___ Data section ___

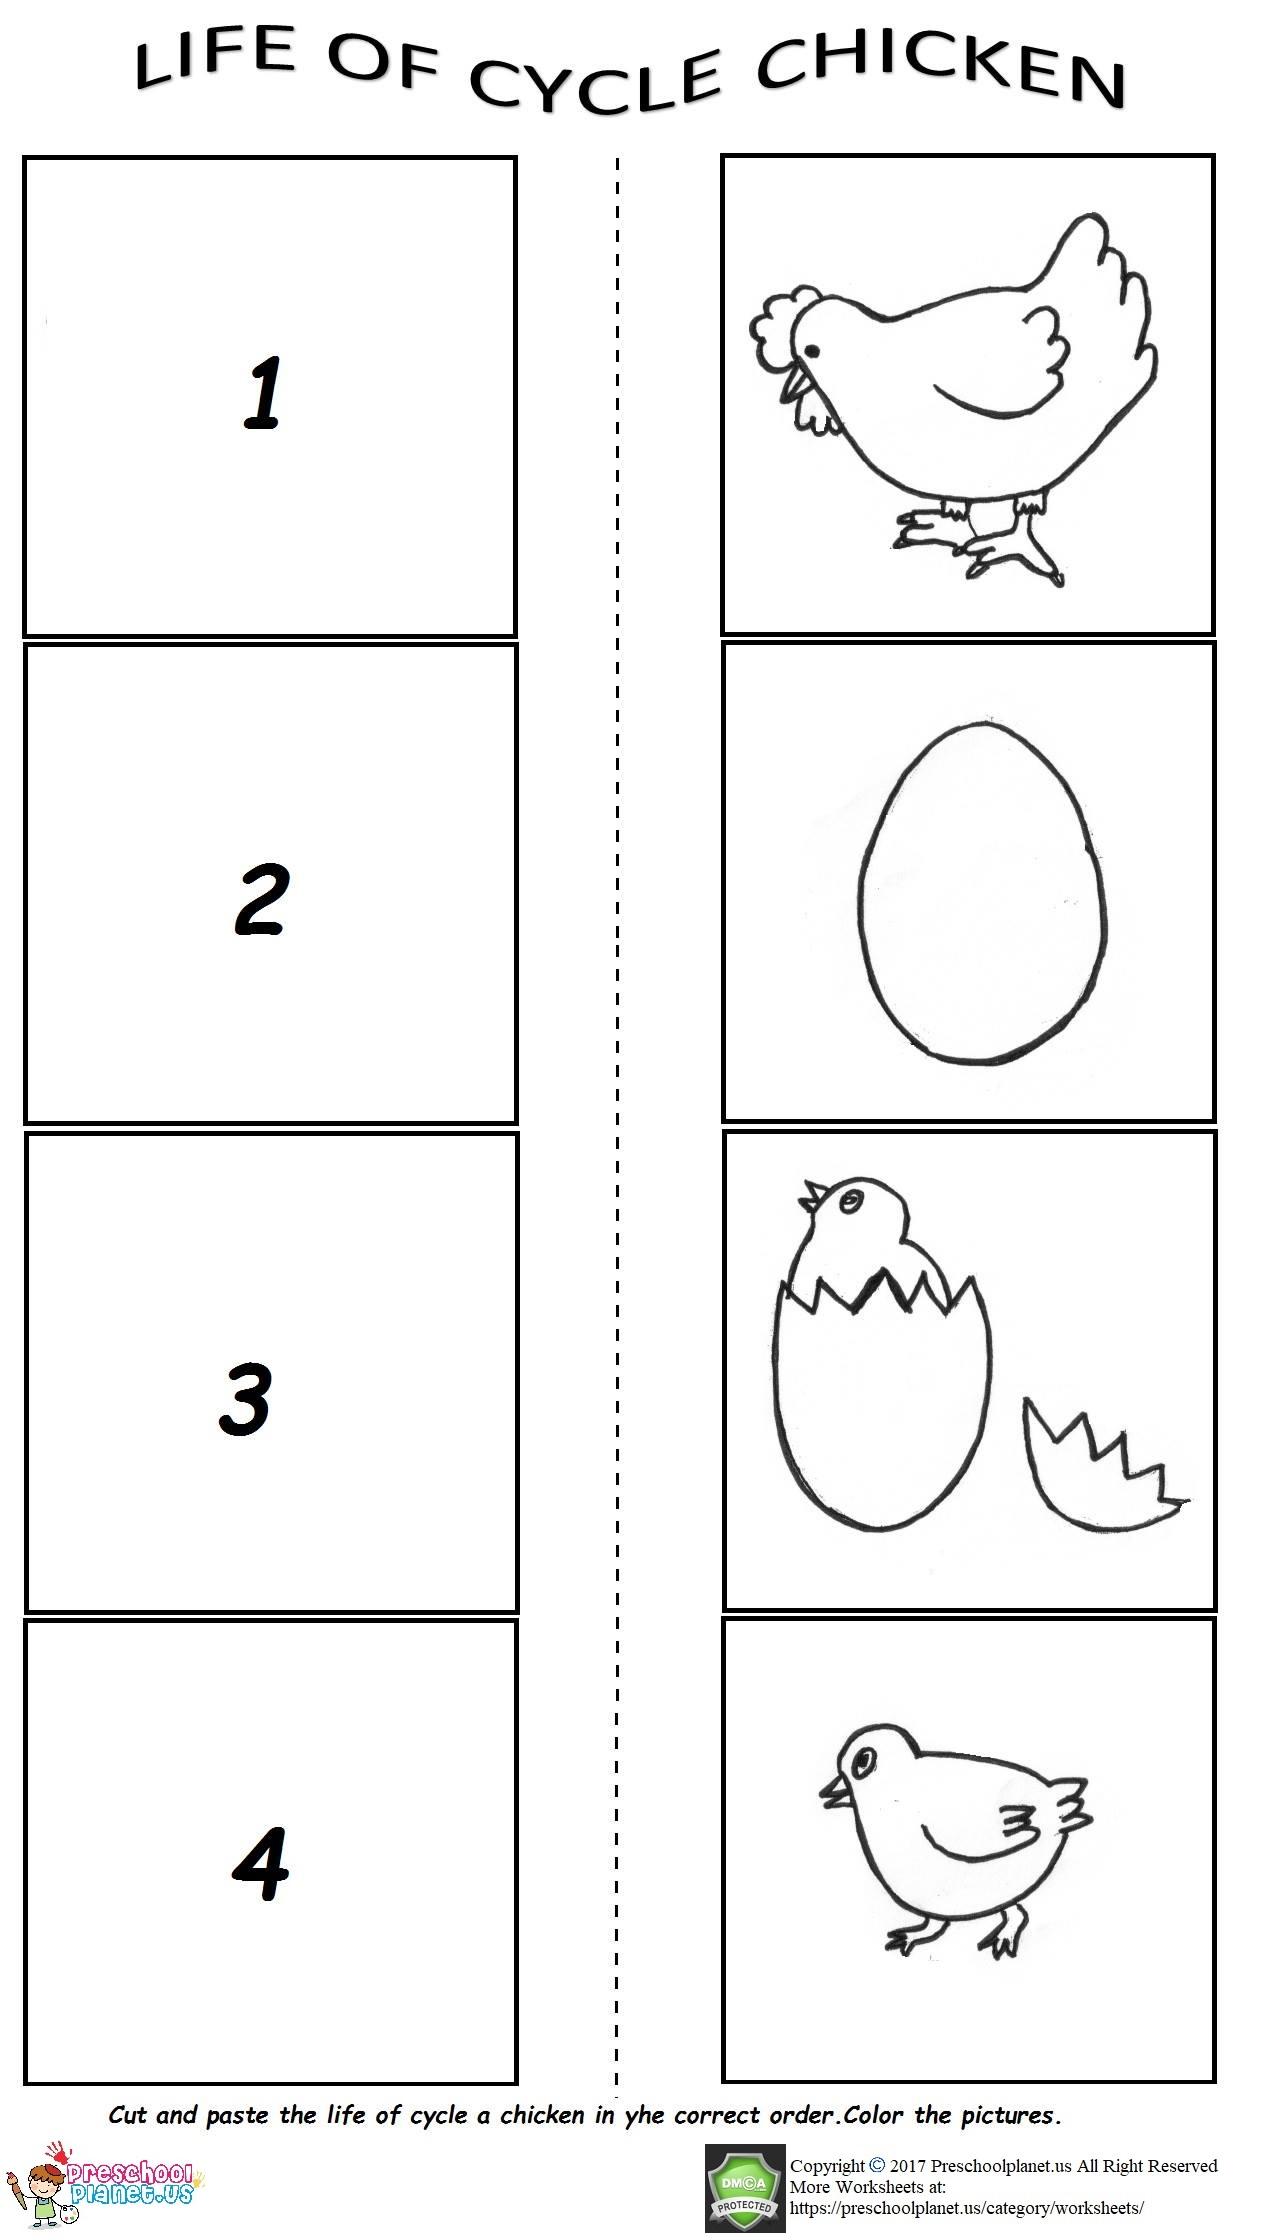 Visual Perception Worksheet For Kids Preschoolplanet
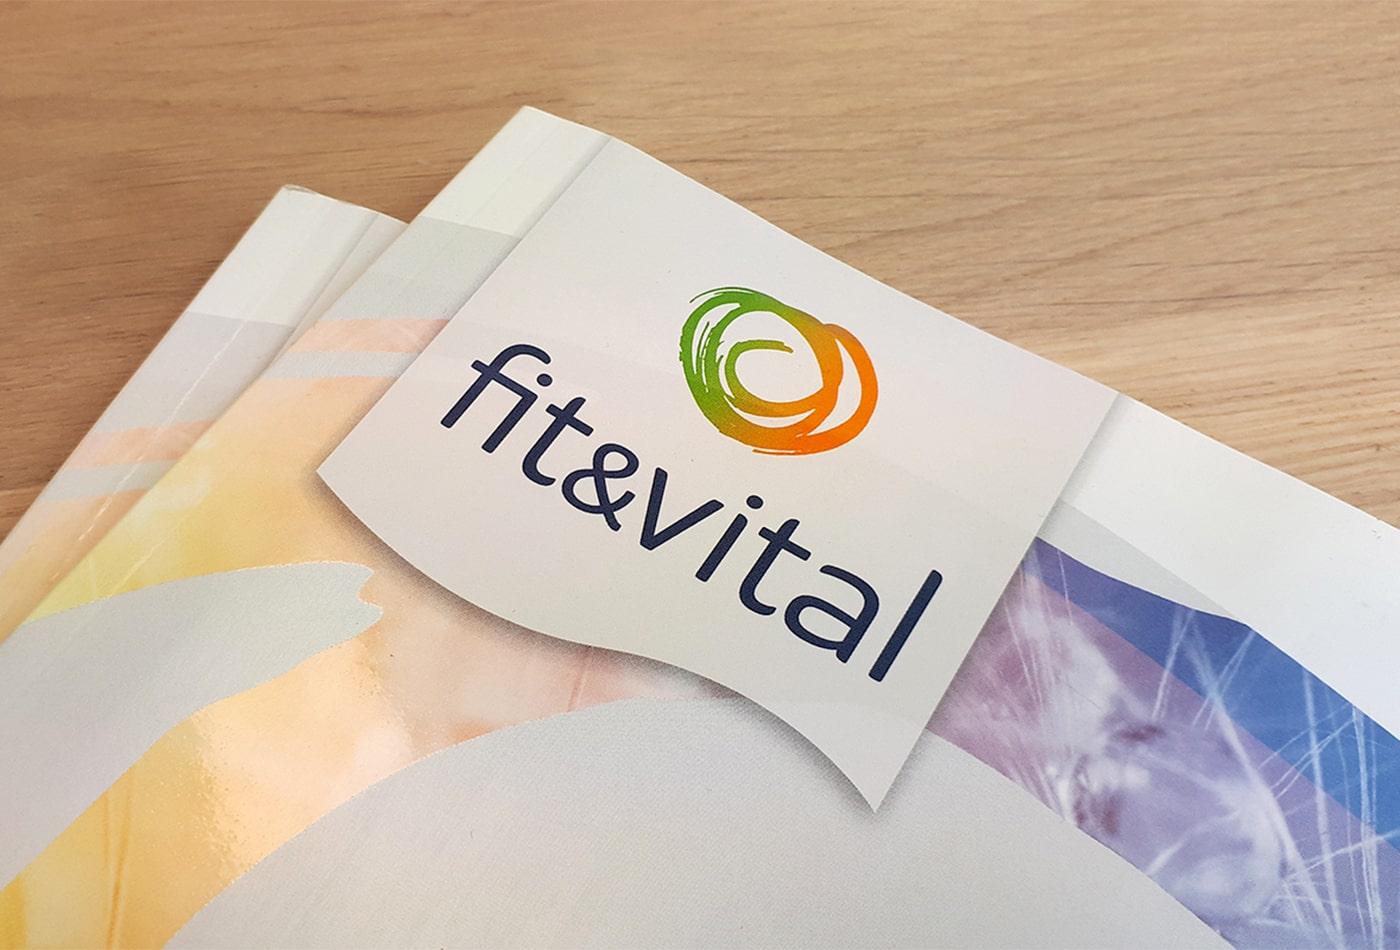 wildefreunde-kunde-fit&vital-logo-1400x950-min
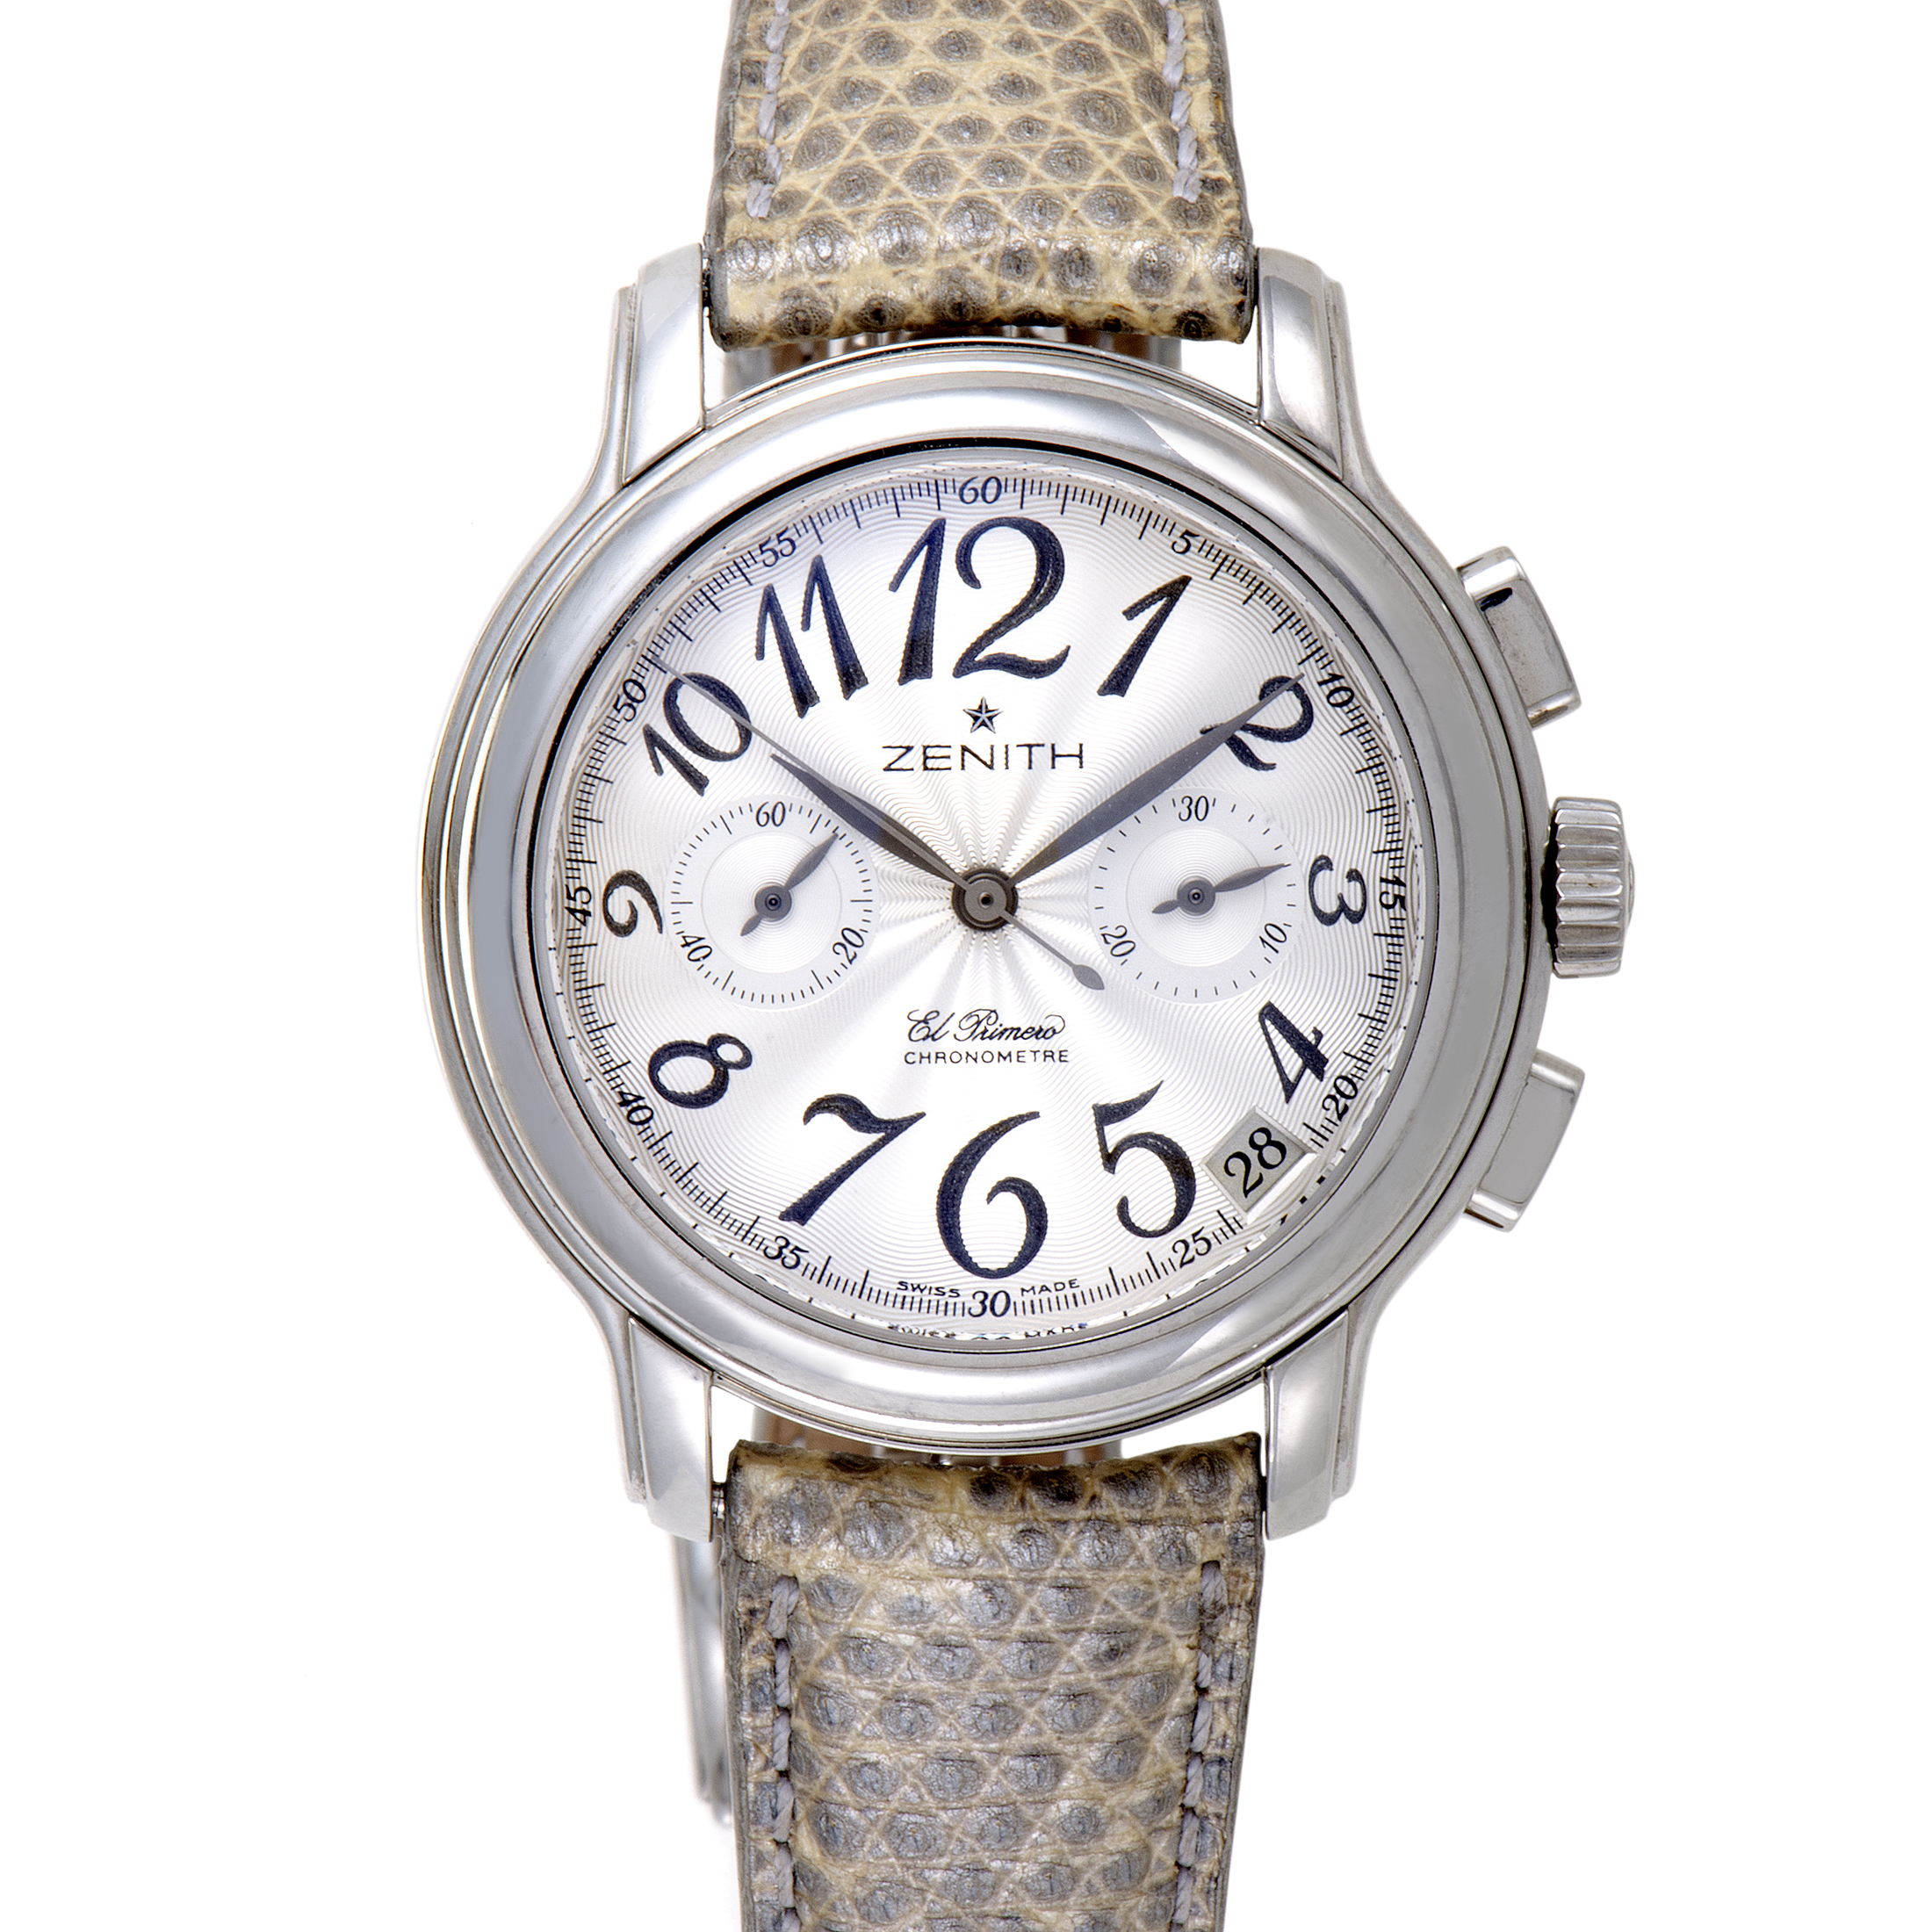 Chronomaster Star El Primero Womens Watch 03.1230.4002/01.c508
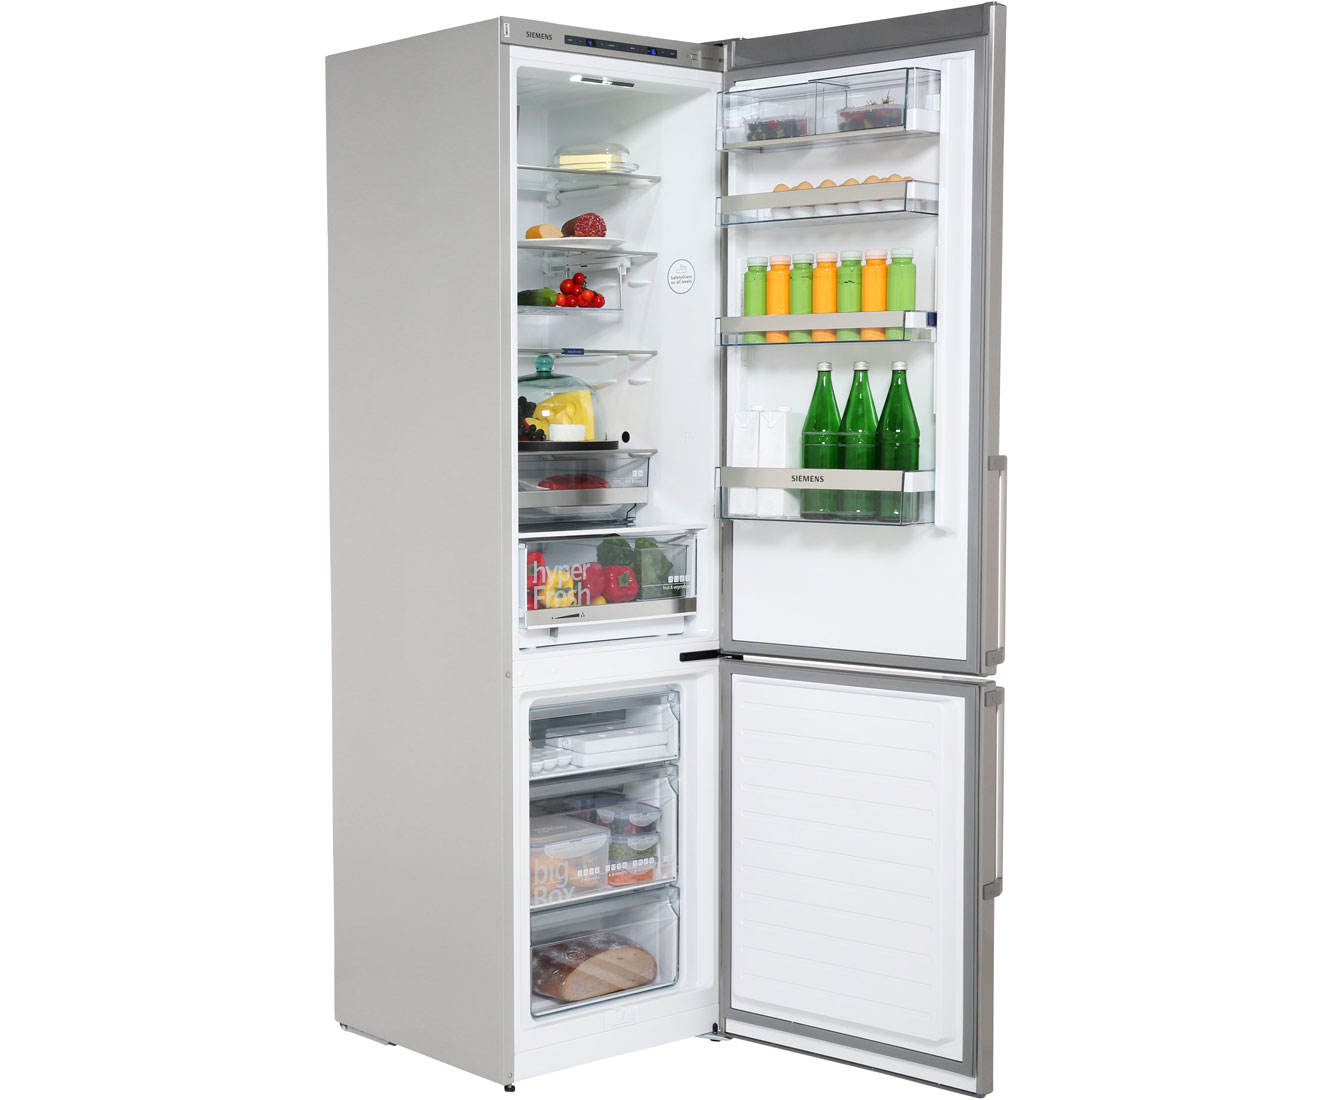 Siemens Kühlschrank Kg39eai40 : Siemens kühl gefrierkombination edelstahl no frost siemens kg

___

● Work request
Quote everything in the listing above exactly; pictures are the only thing to omit.

● Exercise answer
 Visual Perception Worksheet For Kids Preschoolplanet
 wildefreunde-kunde-fit&vital-logo-1400x950-min
 Chronomaster Star El Primero Womens Watch 03.1230.4002/01.c508
 Siemens Kühlschrank Kg39eai40 : Siemens kühl gefrierkombination edelstahl no frost siemens kg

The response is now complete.